帕斯卡壓低聲音說:“丈夫似乎非常震驚,你認為這是在演戲嗎?”
“這就是我們需要找出來的,不是嗎?”
帕斯卡咕噥著表示同意,利維按下快門,思緒回到了香農在酒吧勾引他的那一刻。香農背著丈夫偷情,或者馬克選擇對妻子的不忠視而不見,這都不是什么秘密。
香農今晚的不忠是否改變了這一點?香農的不忠是否促使她的丈夫做出了不可想象的事情?
香農離開酒吧的那個男人呢?那個前罪犯是否失去了對暴力的控制,而利維感覺到這種暴力就潛伏在表面之下?迪倫·沃德有前科,認為他有能力奪走一個女人的生命并不牽強。
當利維有條不紊地拍照時,他不禁想起了他和克萊爾接吻的情景。
他把相機稍微放低了一點,咬緊了牙關。該死,他根本不應該碰她。
沒關系,當他舉起相機時,他安慰自己說,等他處理完現場并去審問沃德時,克萊爾早就走了。

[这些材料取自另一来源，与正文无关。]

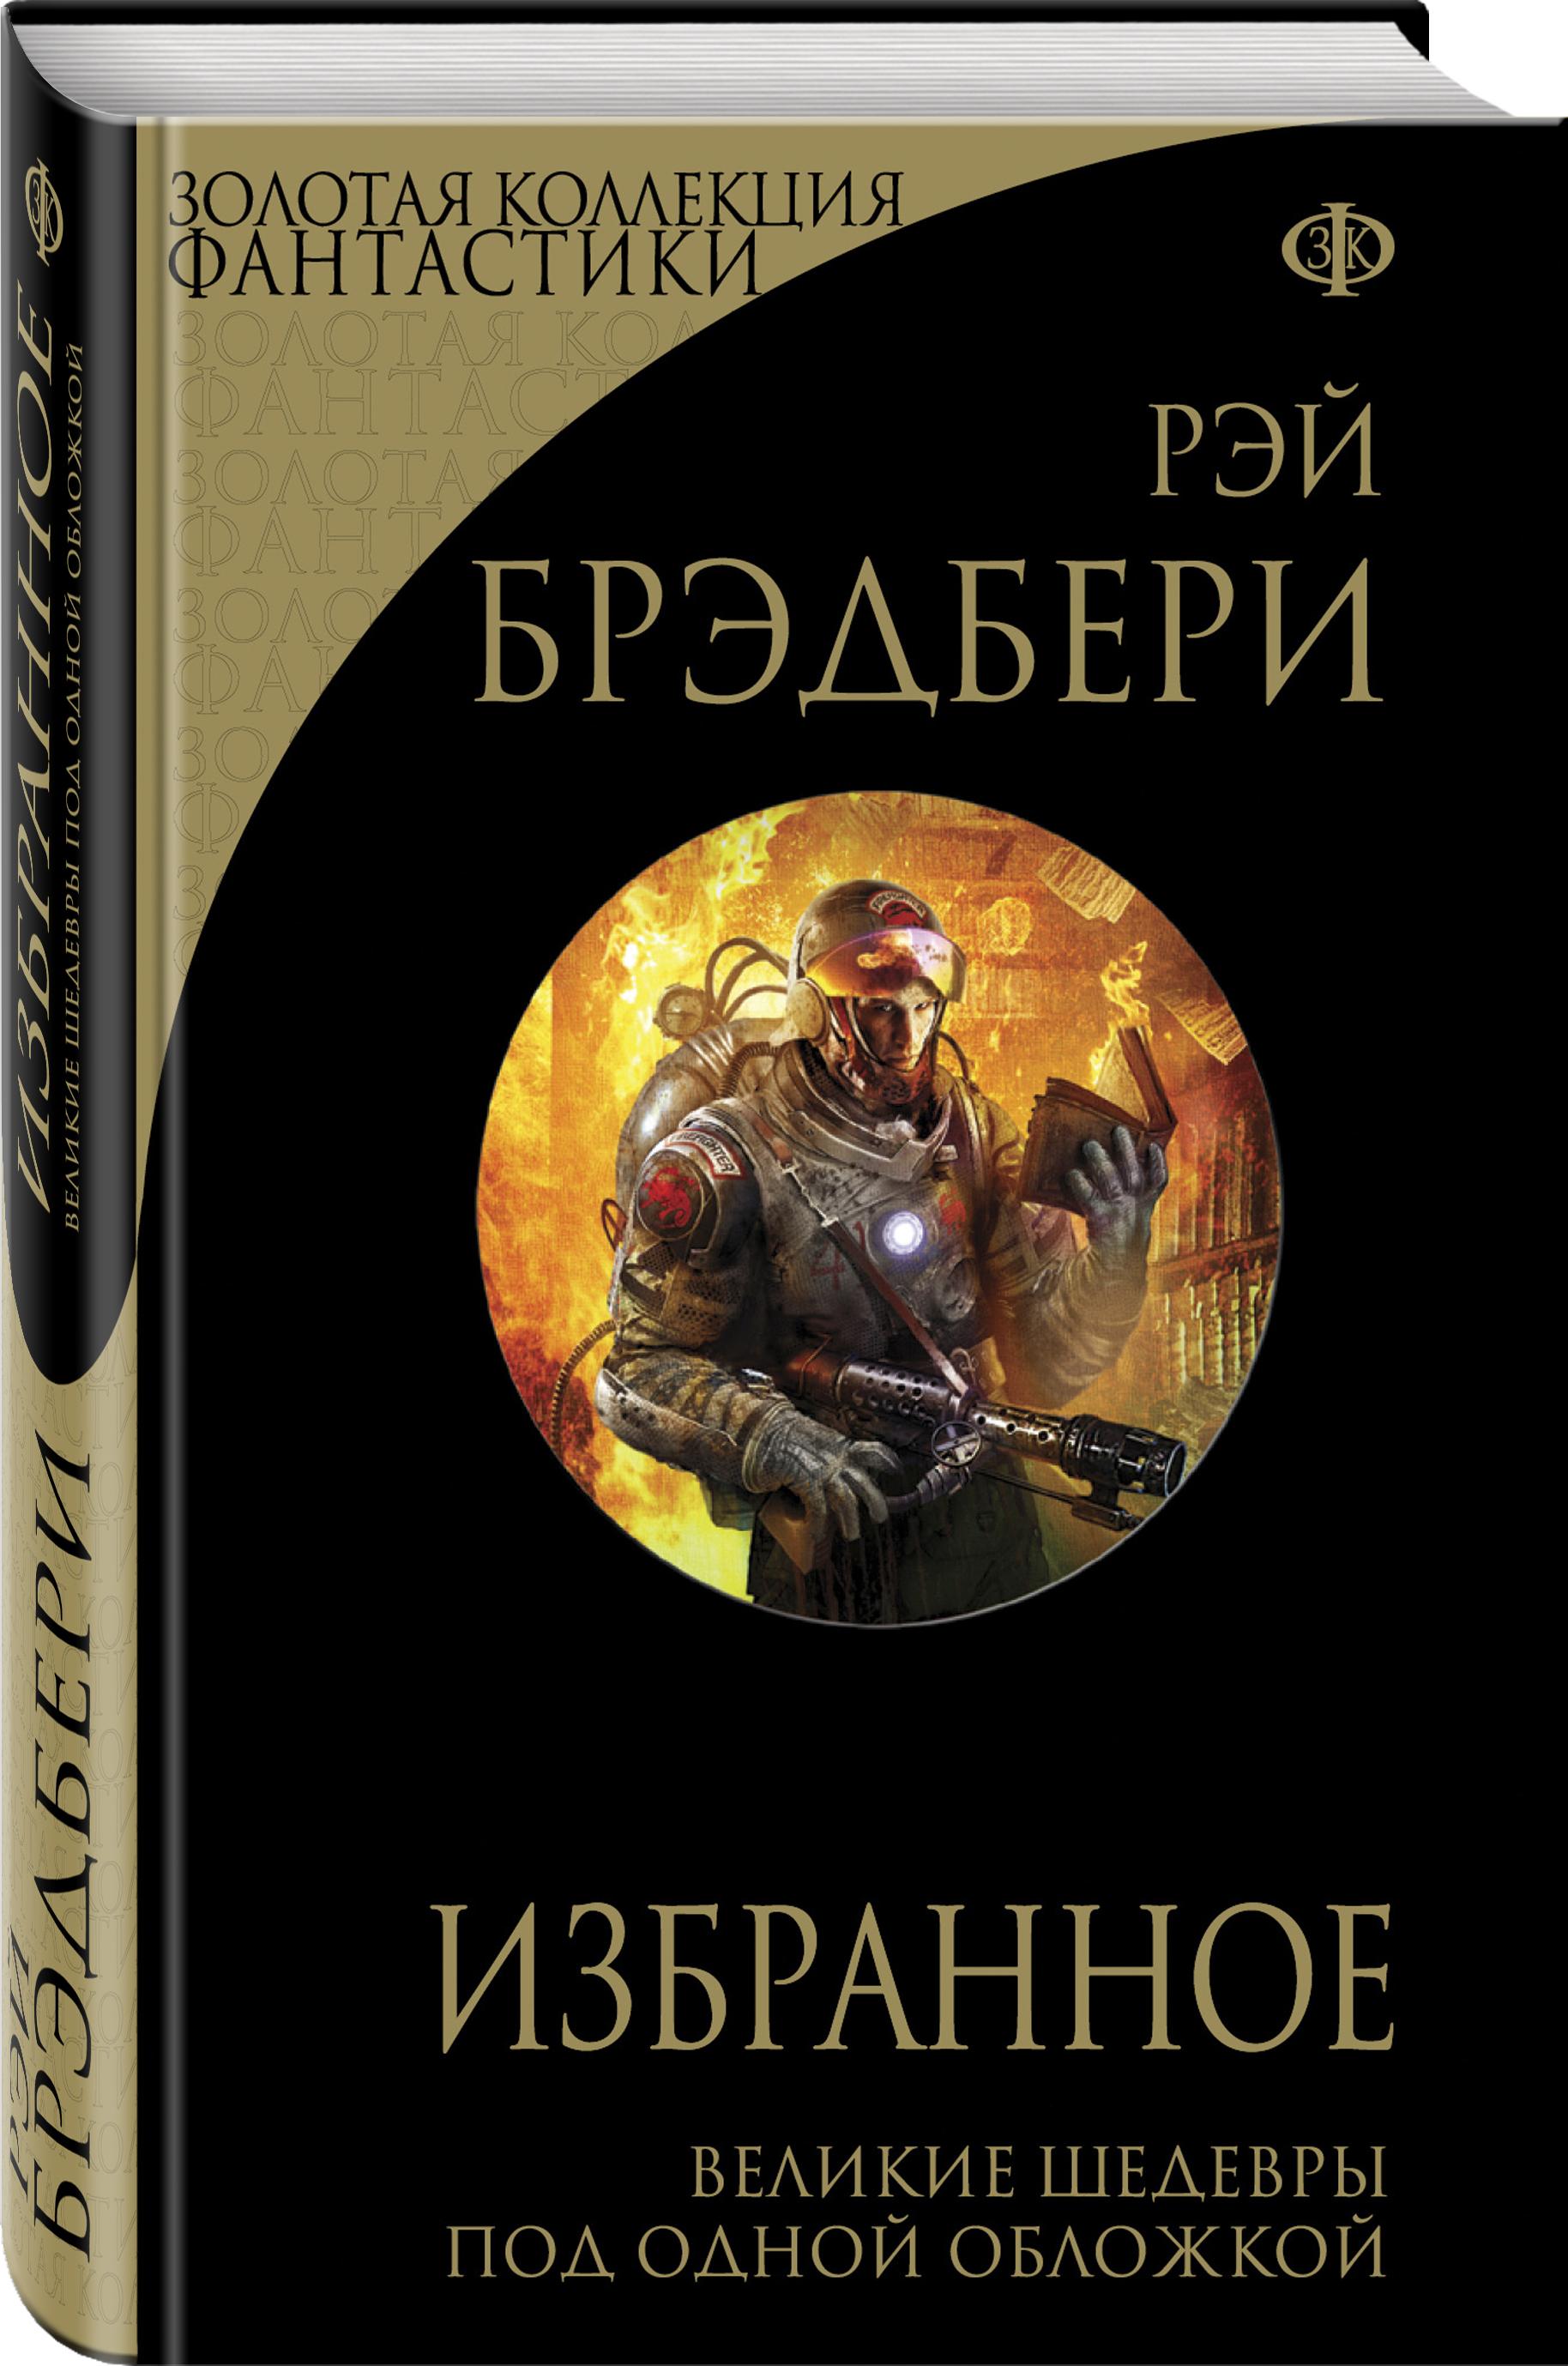 Брэдбери Р. Избранное брэдбери р избранное 451 градус по фаренгейту и другие романы
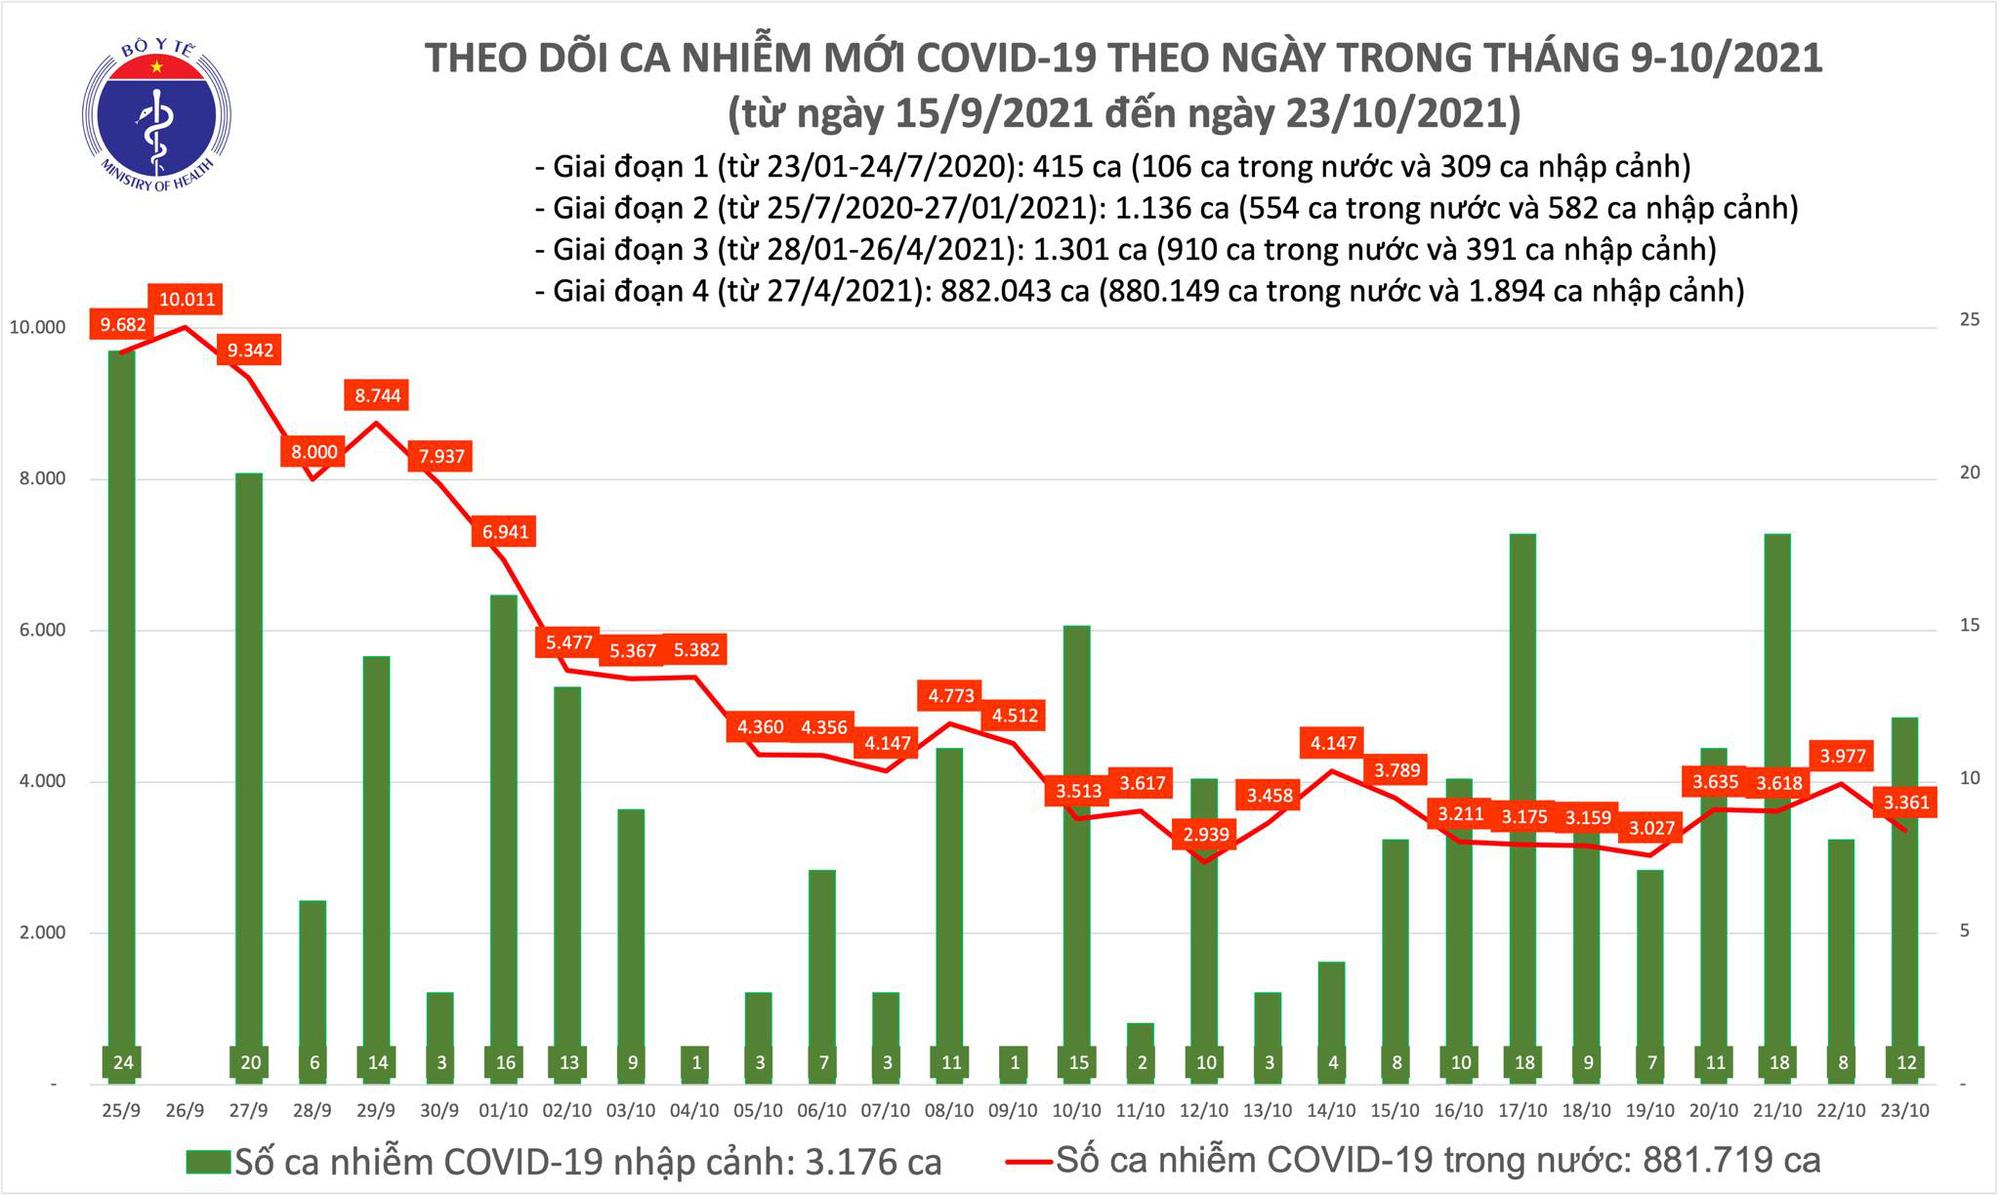 Ngày 23/10: Có 3.373 ca mắc COVID-19 tại 47 tỉnh, thành; giảm 616 ca so với hôm qua

克萊爾深吸了一口氣,然后敲響了迪倫公寓的門。她幾乎已經離開了小鎮,在高速公路前決定再嘗試一次與她的哥哥取得聯系。她需要告訴他,她很抱歉她把他送進了監獄。
她需要他傾聽,但即使他再次拒絕她,她也不會放棄,她會直接回到曼哈頓重整旗鼓。
她舉起手準備再次敲門,她聽到了腳步聲,門開了。她的心沉了下去。迪倫看起來糟透了。他的臉頰和下巴上長滿了濃密的胡茬,眼睛充血,頭發亂糟糟的。
他看起來就像他們的繼父在喝醉酒后一樣。
她強忍著失望。天哪,她多么希望他的生活能有所不同。
她提醒自己,如果不是她,結果會大不相同。
“我還以為你走了。”迪倫的聲音有些沙啞,好像她把他吵醒了。可能吧,因為才周六早上七點半。
“我要走了。”她說著,從他身邊擠過去,但她進門時絆到了門口的一雙工作靴上,摔了一跤。她把靴子踢到一邊,跨過散落在地板上的幾塊小泥巴。
“請進。”他苦笑著說,關上了門。
克萊爾走到小而圓的餐桌旁,“我只需要10分鐘。”
“我昨天告訴過你——”
“求你了,迪倫。我發誓,十分鐘后,等你聽我說完,如果你還是想讓我離開,我會離開的,你再也不用見到我了。”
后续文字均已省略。